# John Deere Decals



## Tau44 (Dec 7, 2003)

I need some advice. Is there a better place to get John Deere Decals for a 1943 B? I asked my local dealer but he wanted $83.00 for a set. I didn't know if that was a ok price or if someone esle bad better ones or not?

Any help would be greatly appreciated.

Thanks,

Tau44


----------



## Live Oak (Dec 22, 2003)

Not sure if you are aware of these folks but they may be able to direct you to who may sell them. 

John Deere - Model B Parts 

If you aren't already; you might want to keep an eye out here:

Decals, Decal Sets


----------



## bontai Joe (Sep 16, 2003)

Probably not a sourse for decals, but thought you might enjoy this site. It's about the restoration of a 1941 Model B, with lots of photos and history.

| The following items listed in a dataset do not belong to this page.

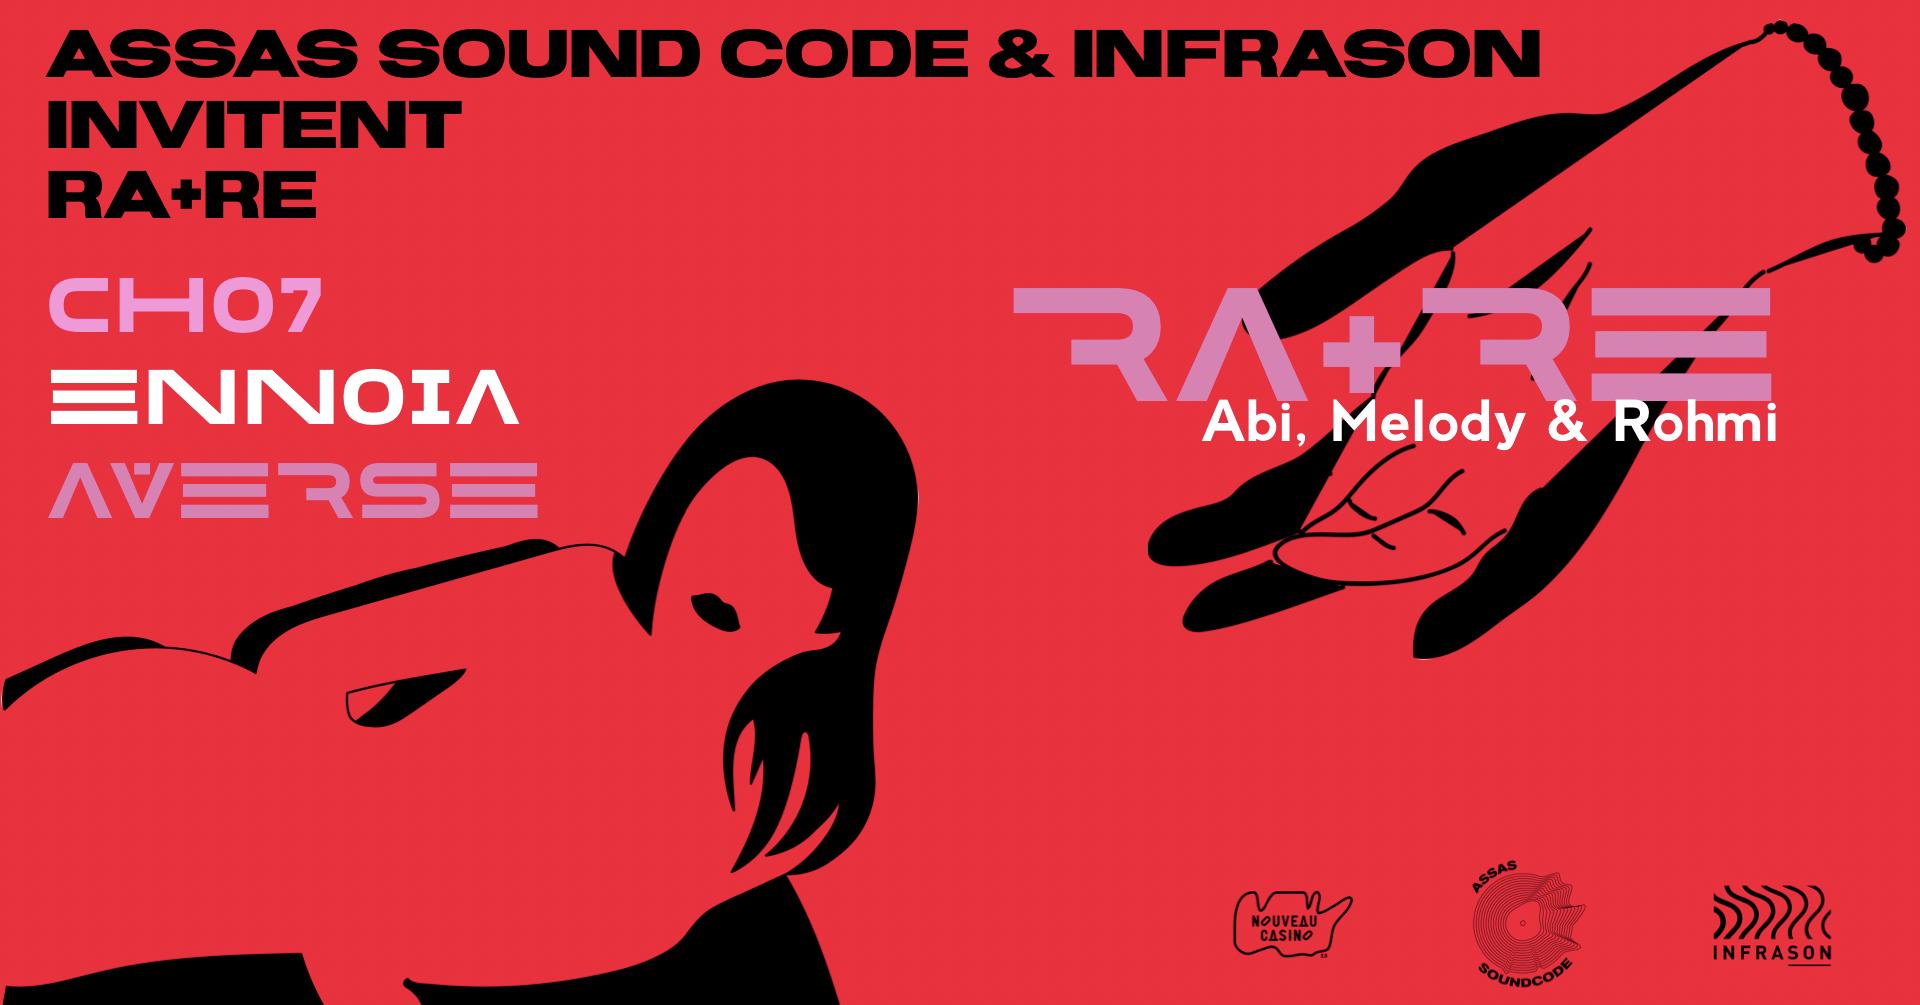 Assas Sound Code & Infrason invitent : RA+RE au Nouveau Casino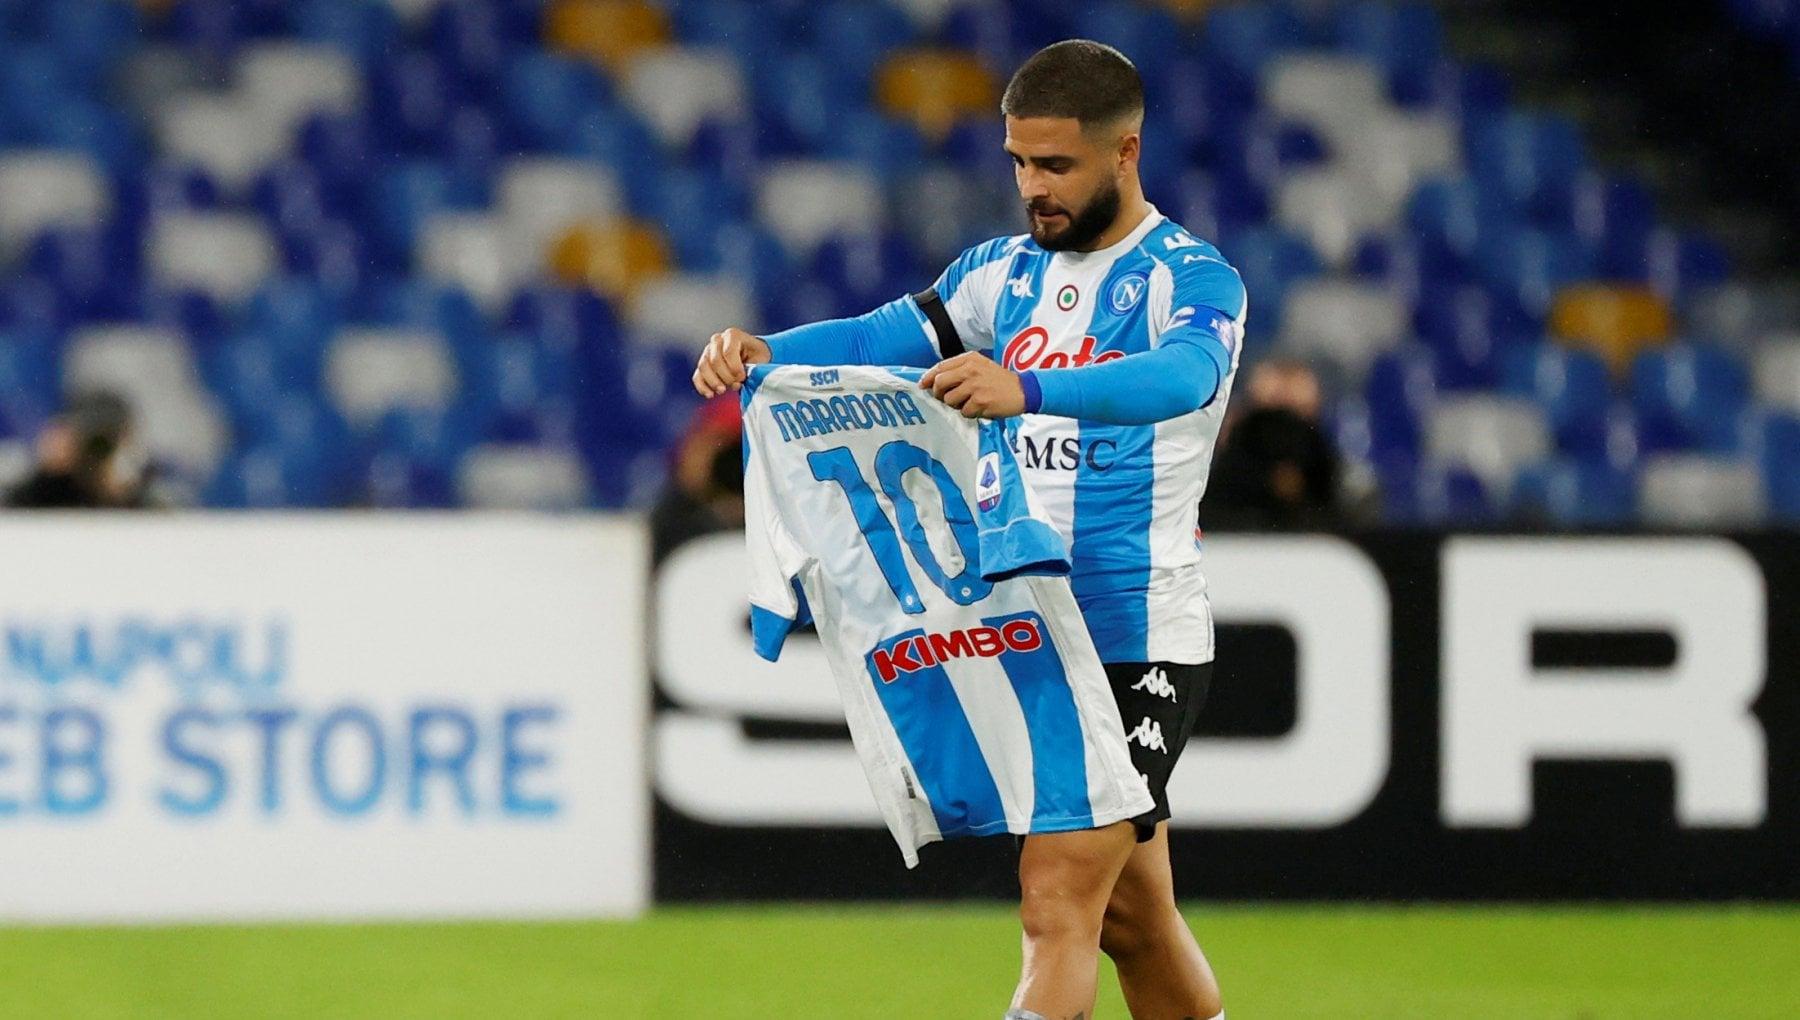 Napoli Roma 4 0 gli azzurri in maglia argentina onorano Maradona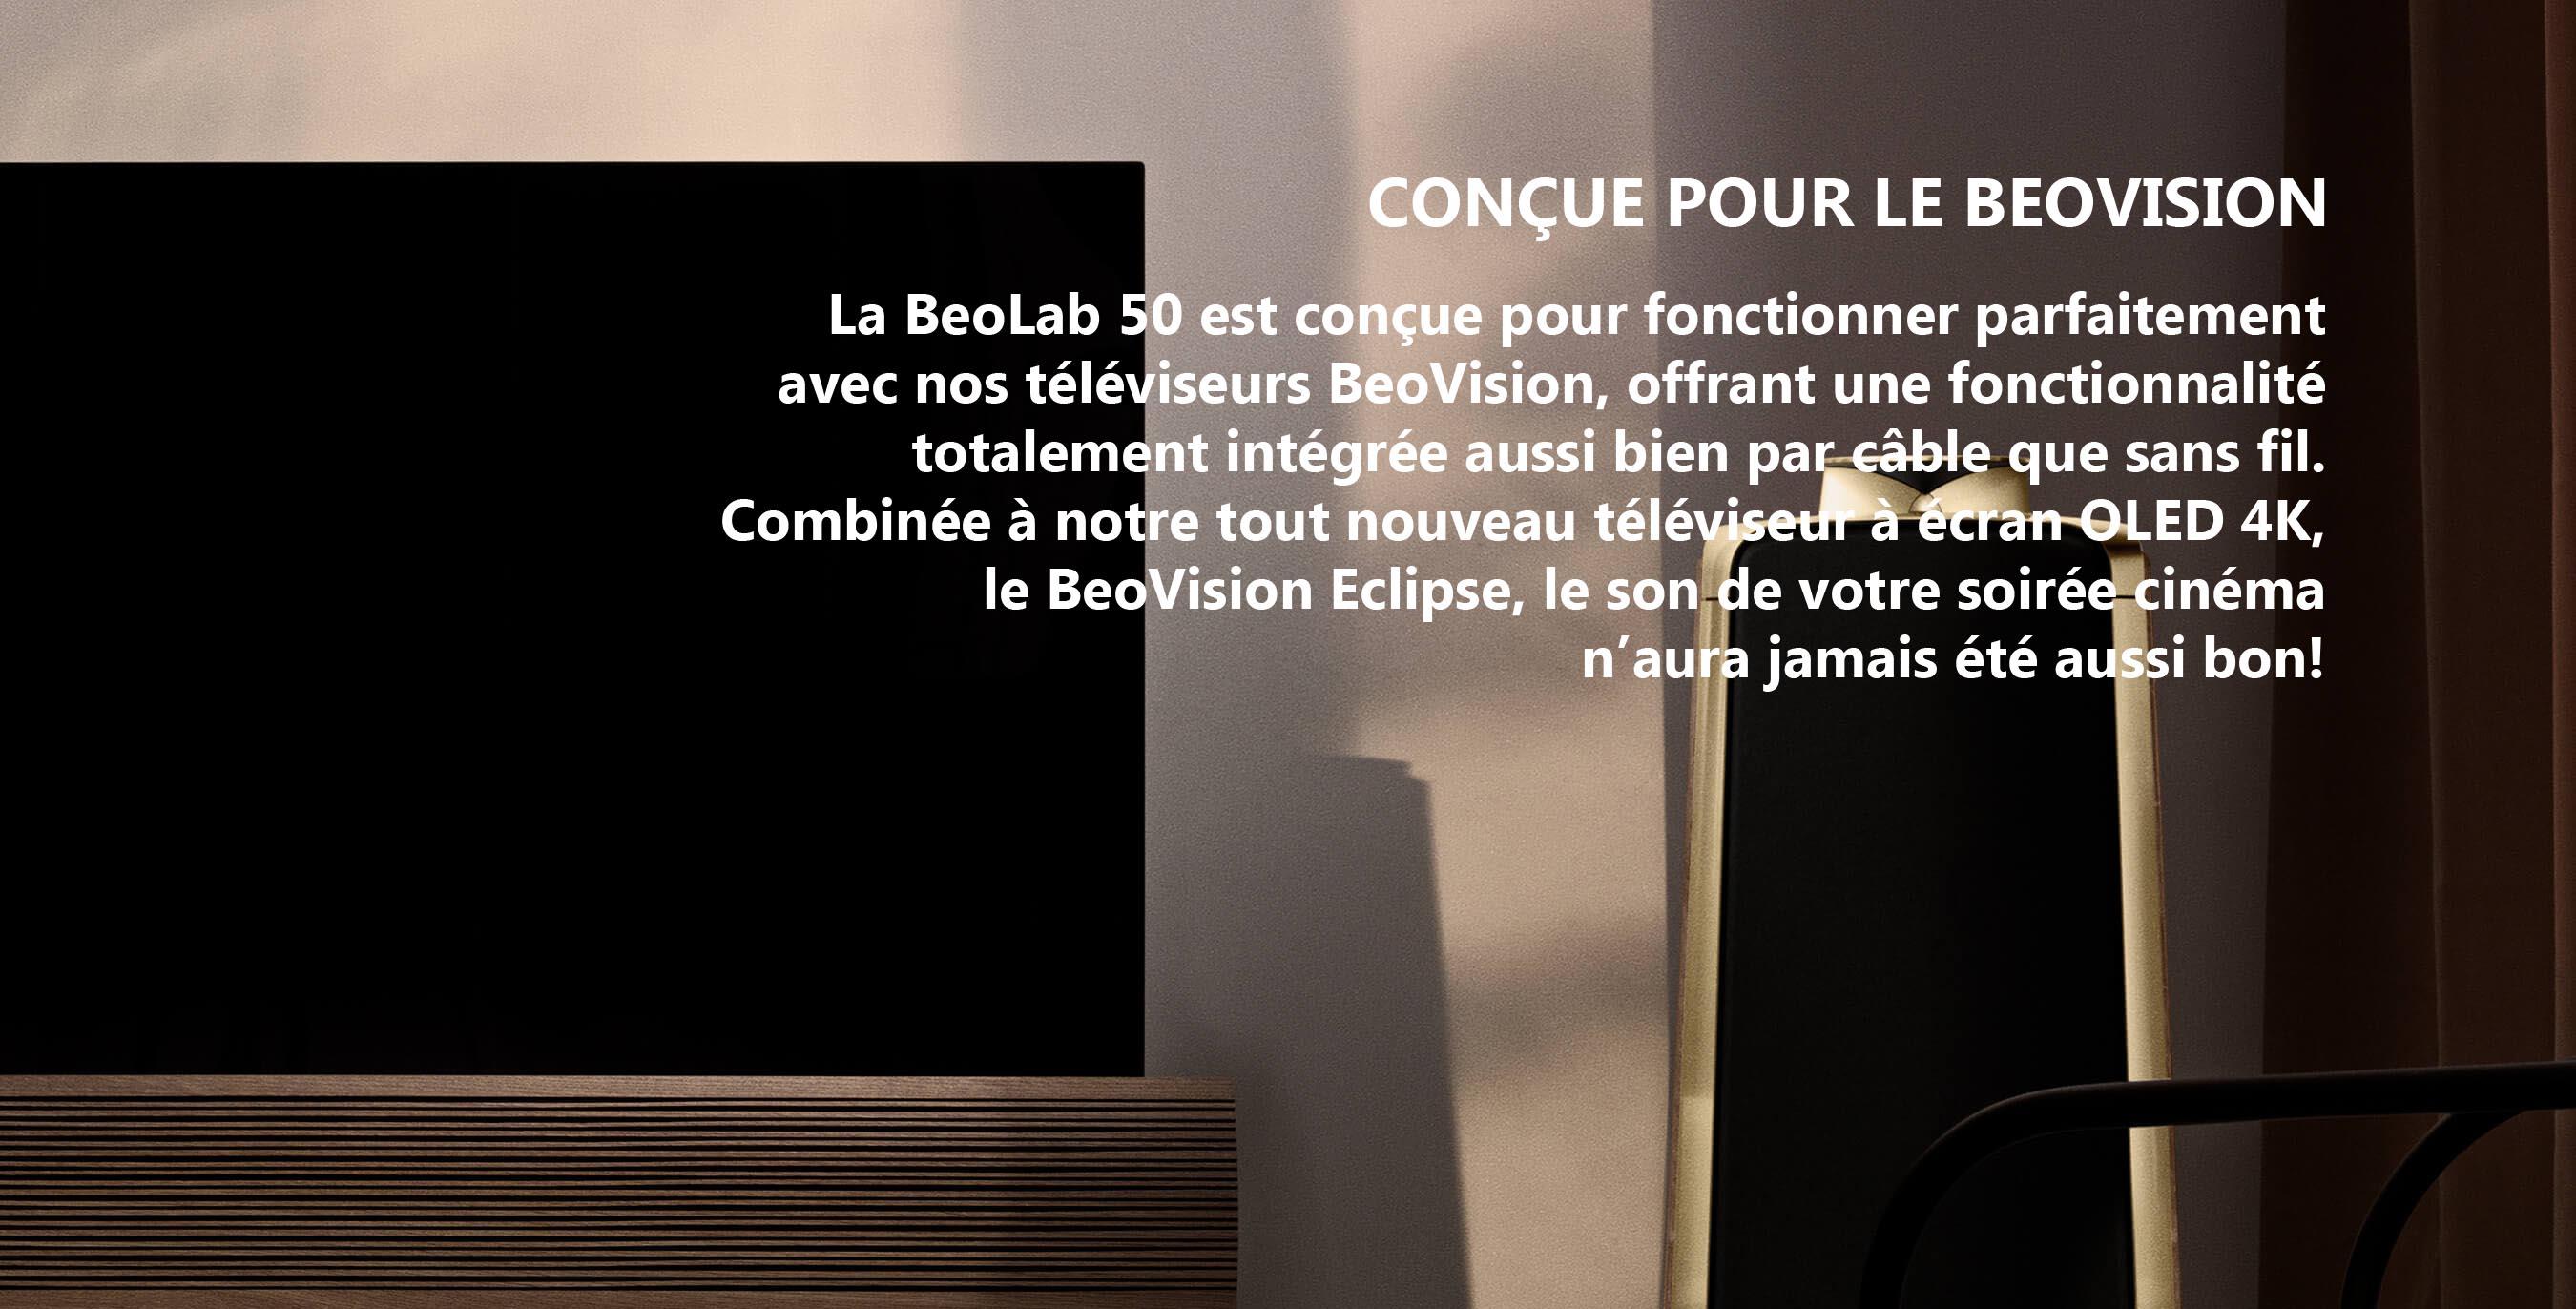 https://lamarque.fillion.ca/wp-content/uploads/2019/03/integration-1350-01-brass-min.jpg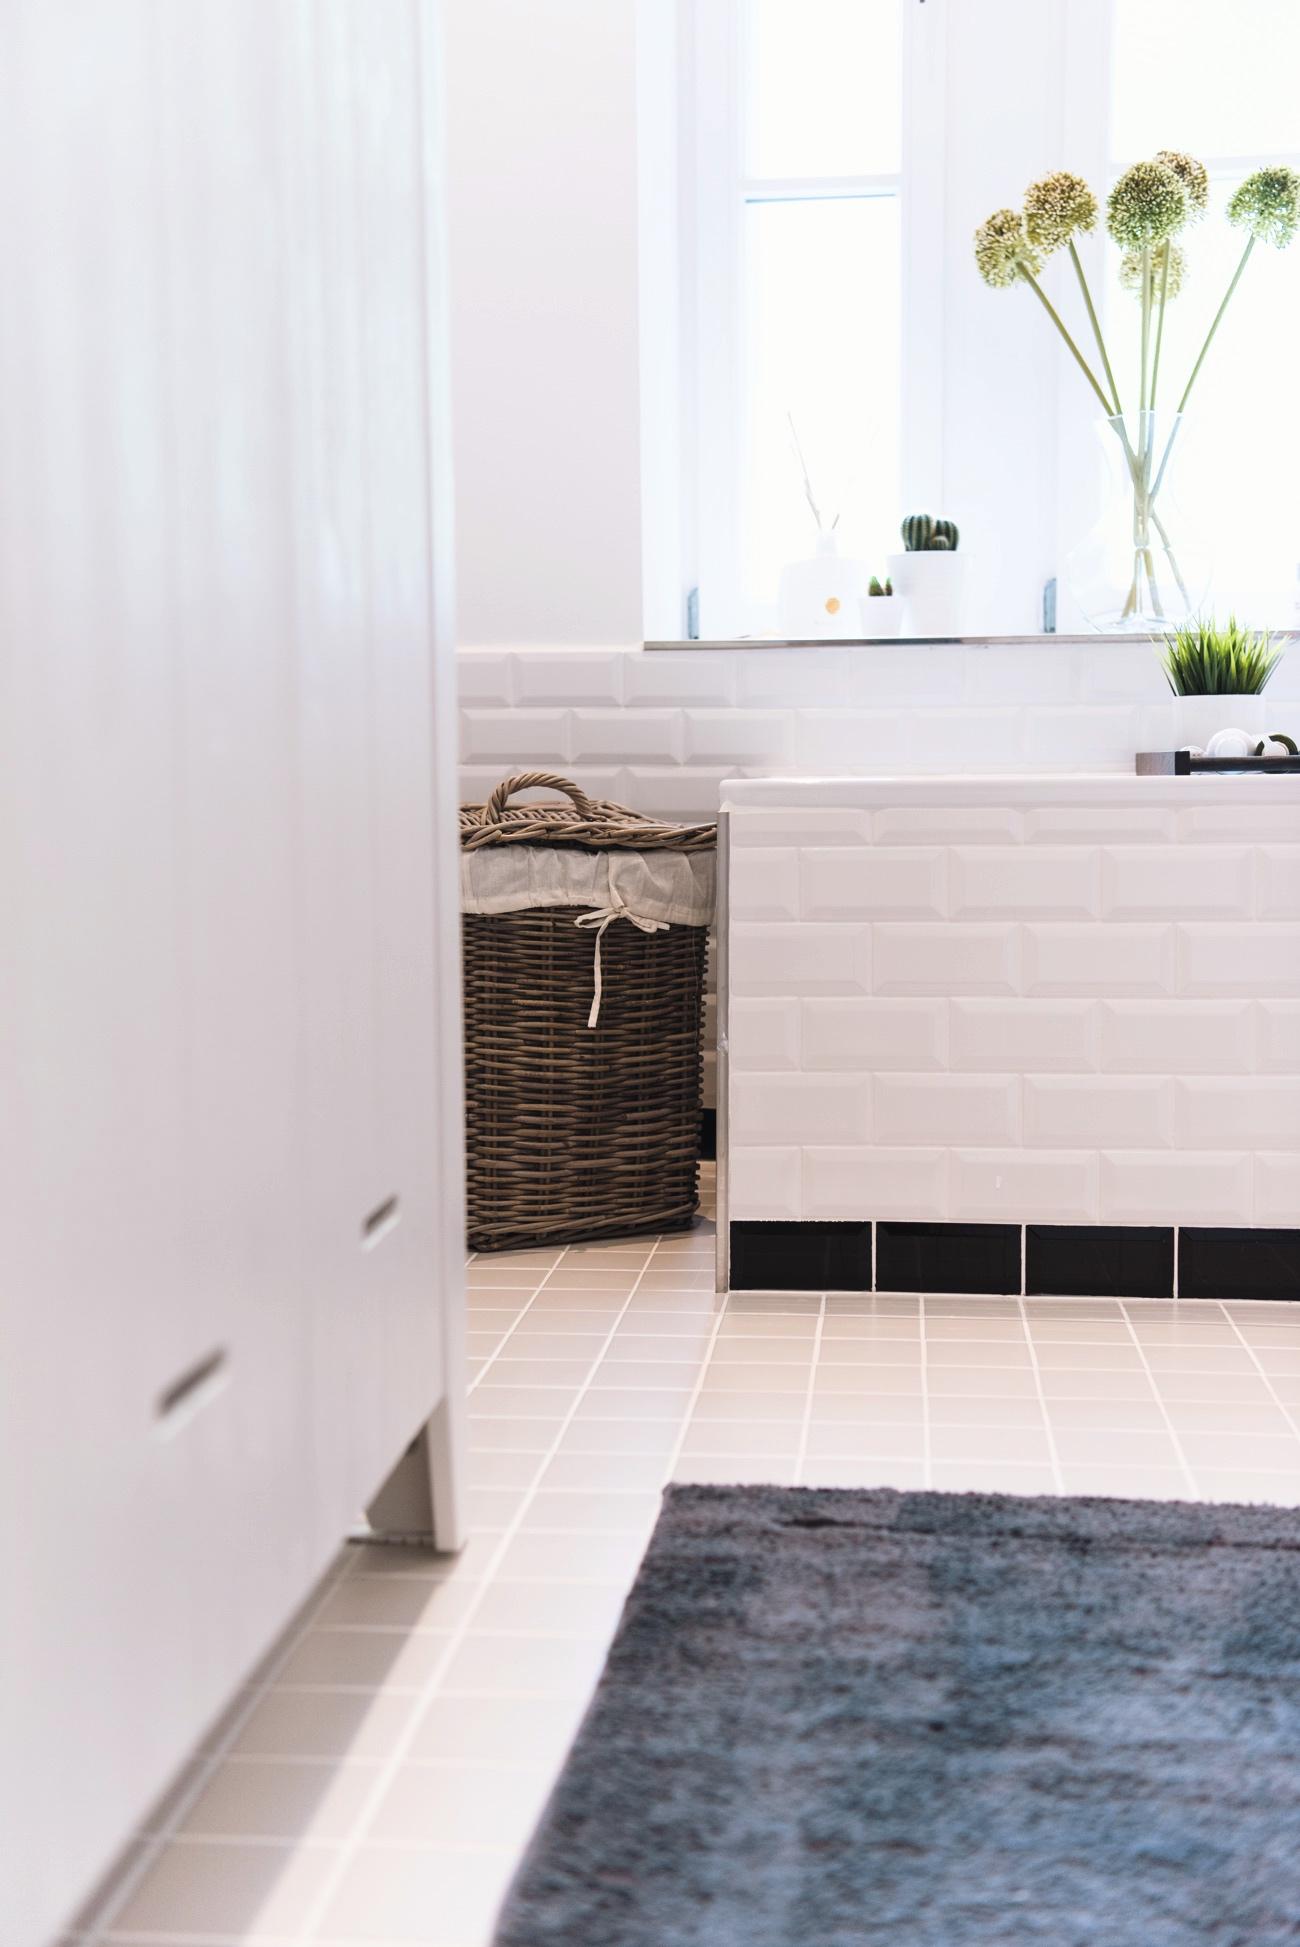 badewannenablage-dunkles-holz-wayfair-online-shop-nina-fashiioncarpet-wohnung

http://www.terrystoy.com/Model-B/index.htm


----------



## Tau44 (Dec 7, 2003)

*Difference on decals*

SCREEN PRINTED COMPUTER CUT
MYLAR VINYL 


Which is a better decal in the long run. The vinly are twice as expensive? What is mylar?

Thanks,

TAU44


----------



## Live Oak (Dec 22, 2003)

Tau44, take a looksee and see what you think. 

Decals


----------